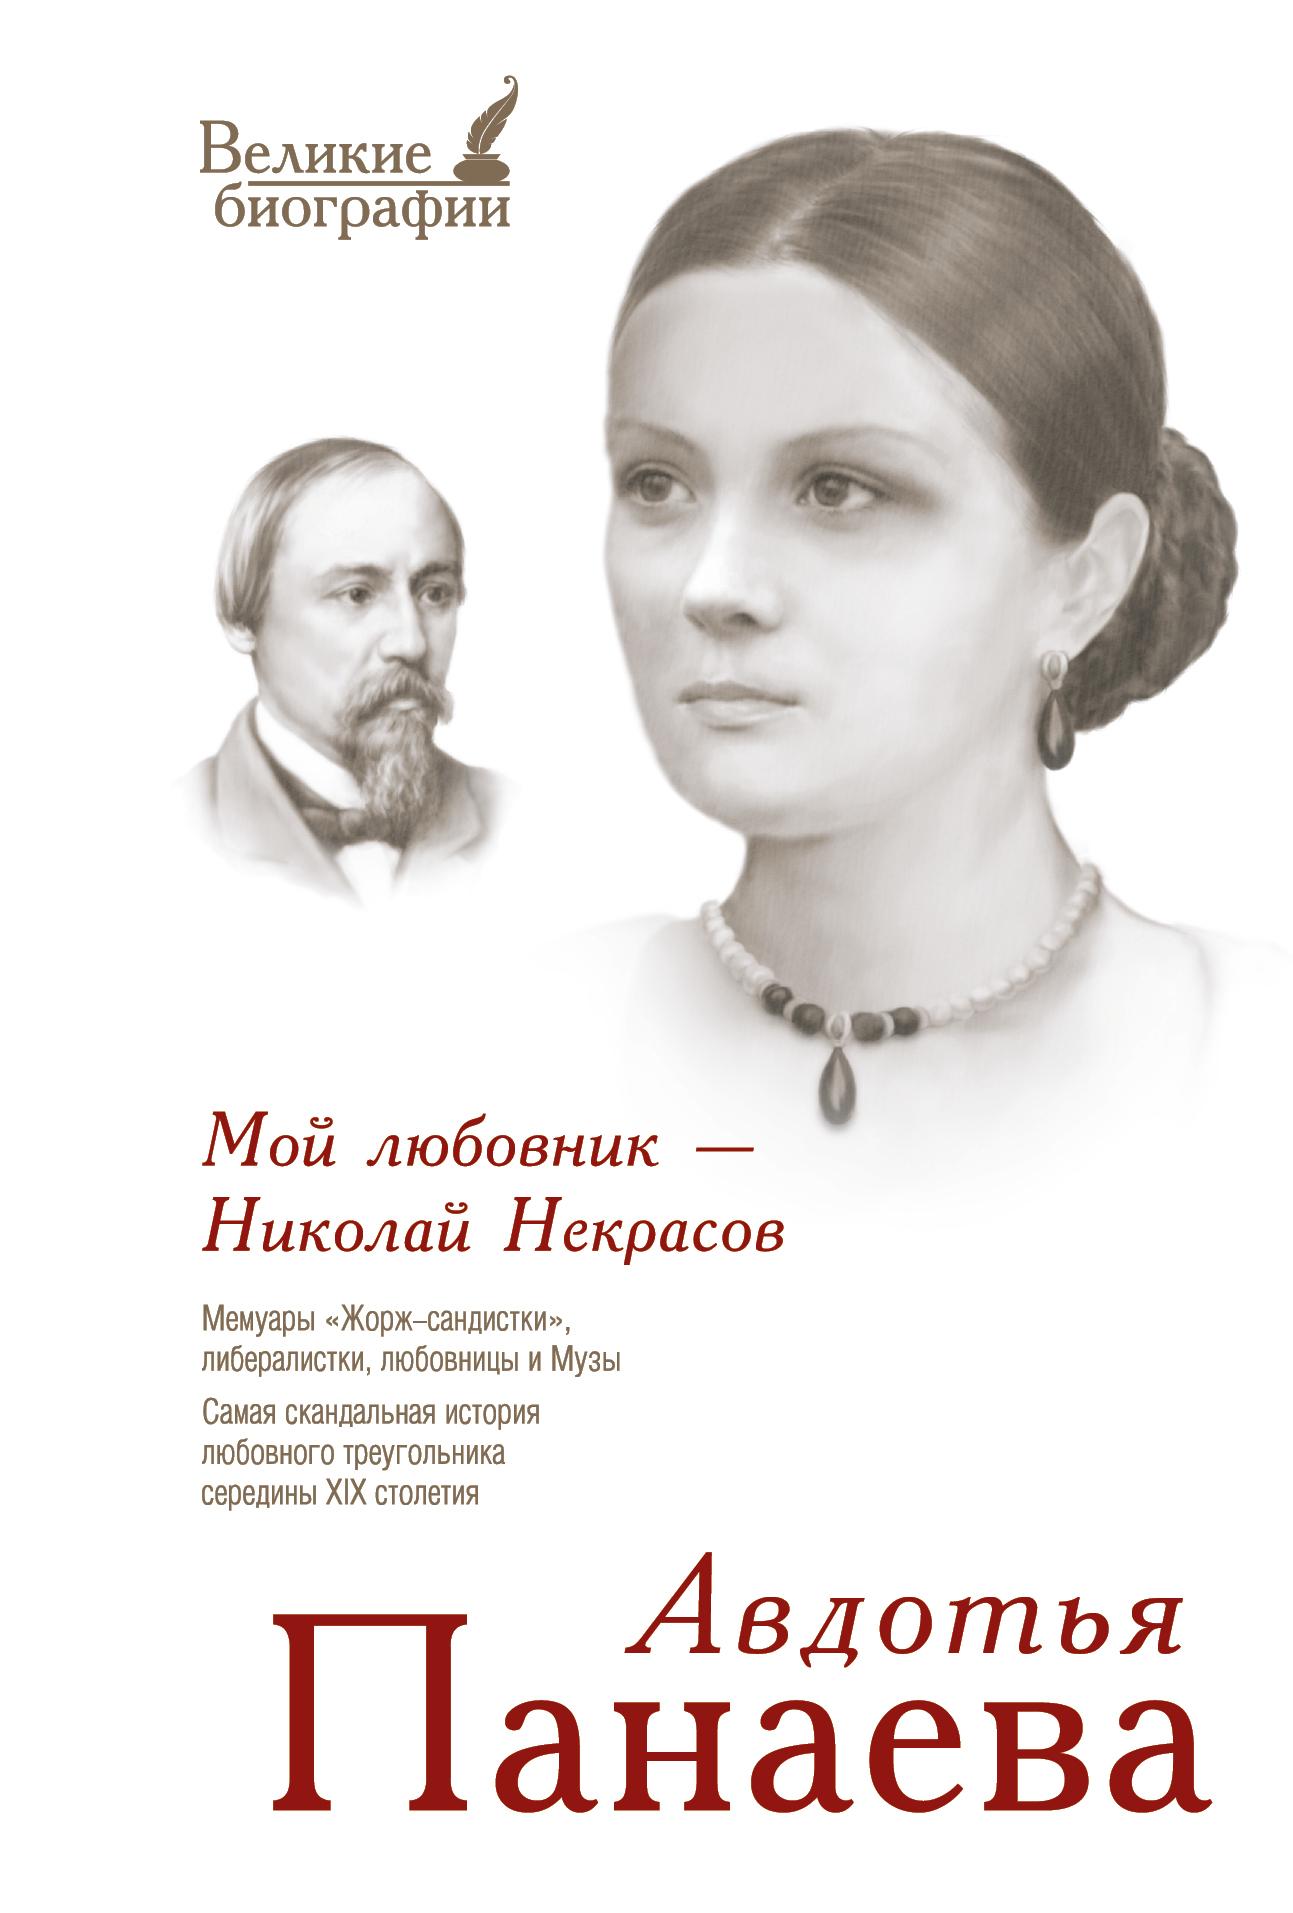 Мой любовник - Николай Некрасов
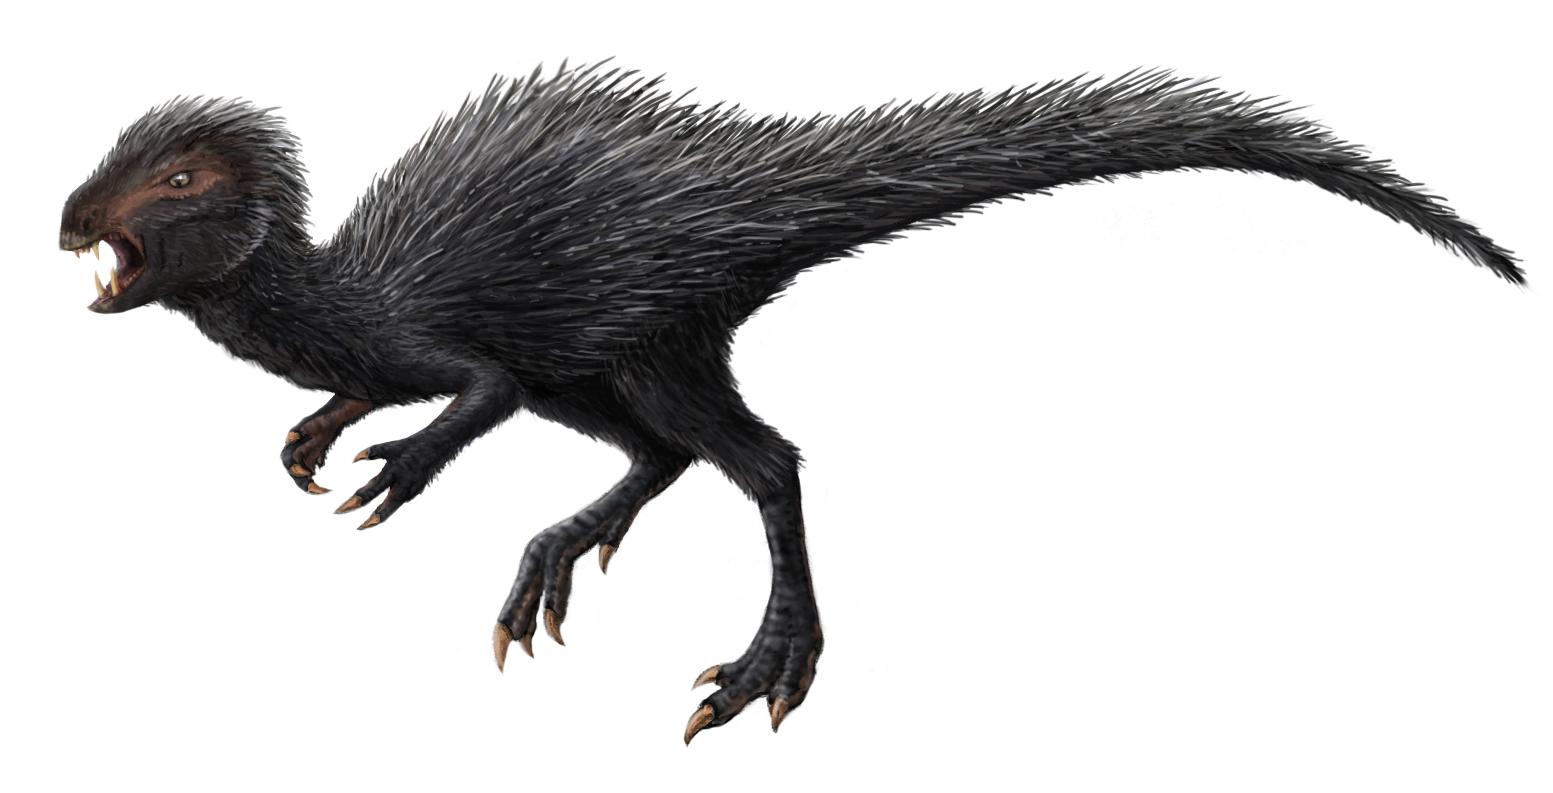 Jistou anatomickou podobnost mezi heterodontosauridy a teropody zaznamenali někteří paleontologové již dříve. Nový výzkum jim teď dává za pravdu, tyto dvě skupiny dinosaurů si mohly být ve skutečnosti blíže příbuzné, než se obecně předpokládalo. Zde
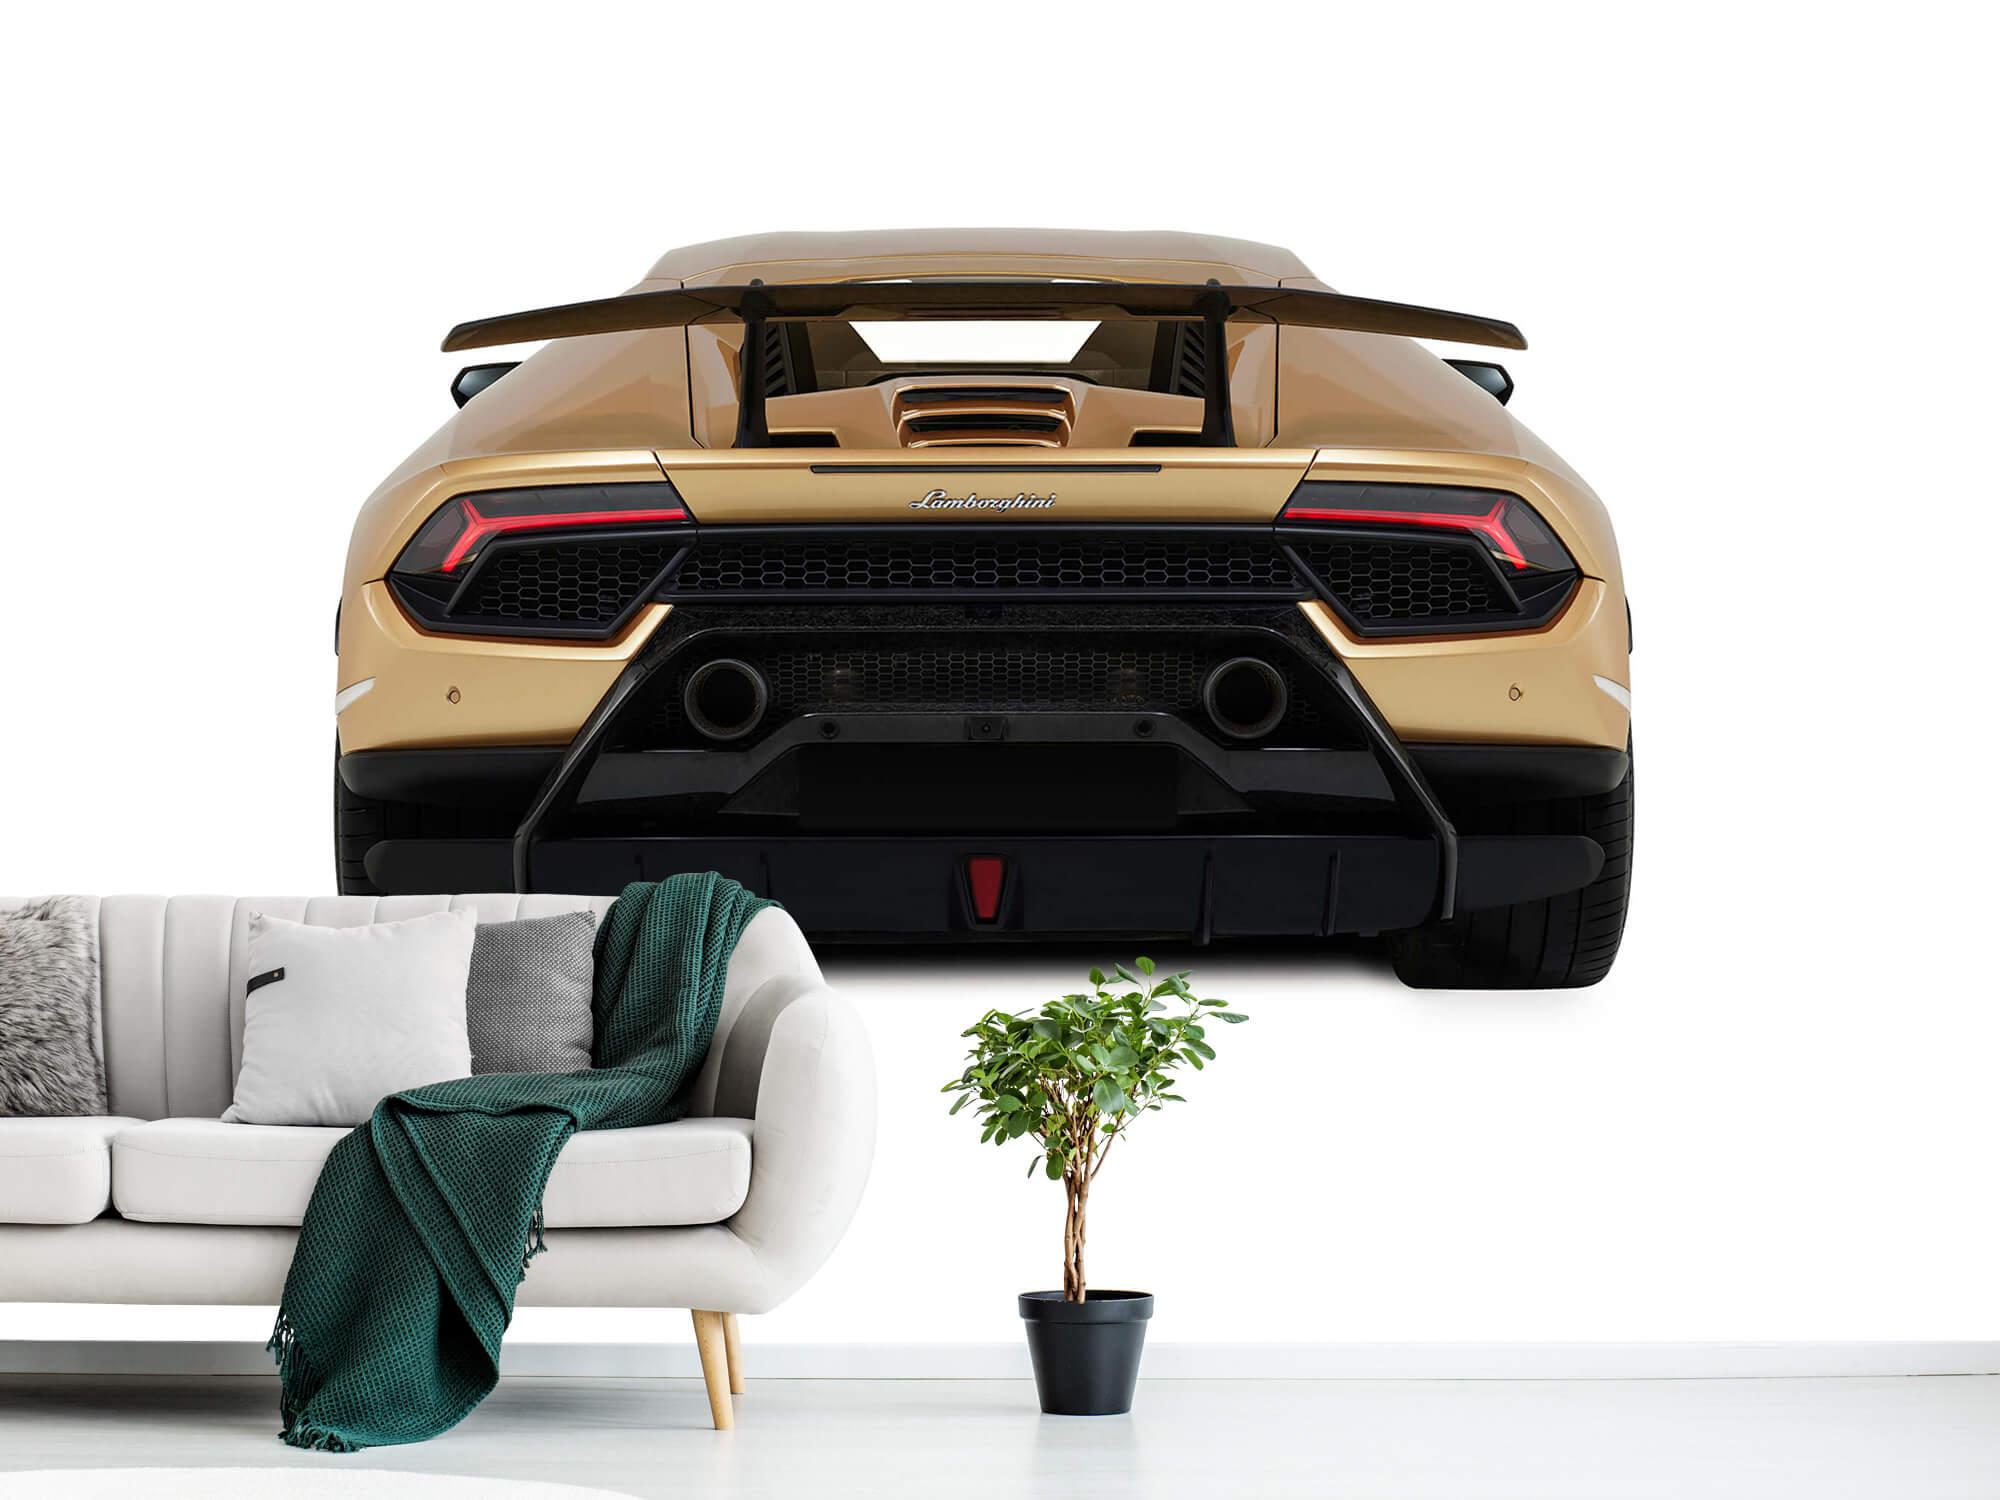 Wallpaper Lamborghini Huracán - Rear view, white 2

- - - - - - -

## Work instructions
Word for word, restate the lines from the one containing "Jistou anatomickou podobnost" through the end of the listing, and nothing more. Skip the pictures.

## Written solution
 Jistou anatomickou podobnost mezi heterodontosauridy a teropody zaznamenali někteří paleontologové již dříve. Nový výzkum jim teď dává za pravdu, tyto dvě skupiny dinosaurů si mohly být ve skutečnosti blíže příbuzné, než se obecně předpokládalo. Zde
 Wallpaper Lamborghini Huracán - Rear view, white 2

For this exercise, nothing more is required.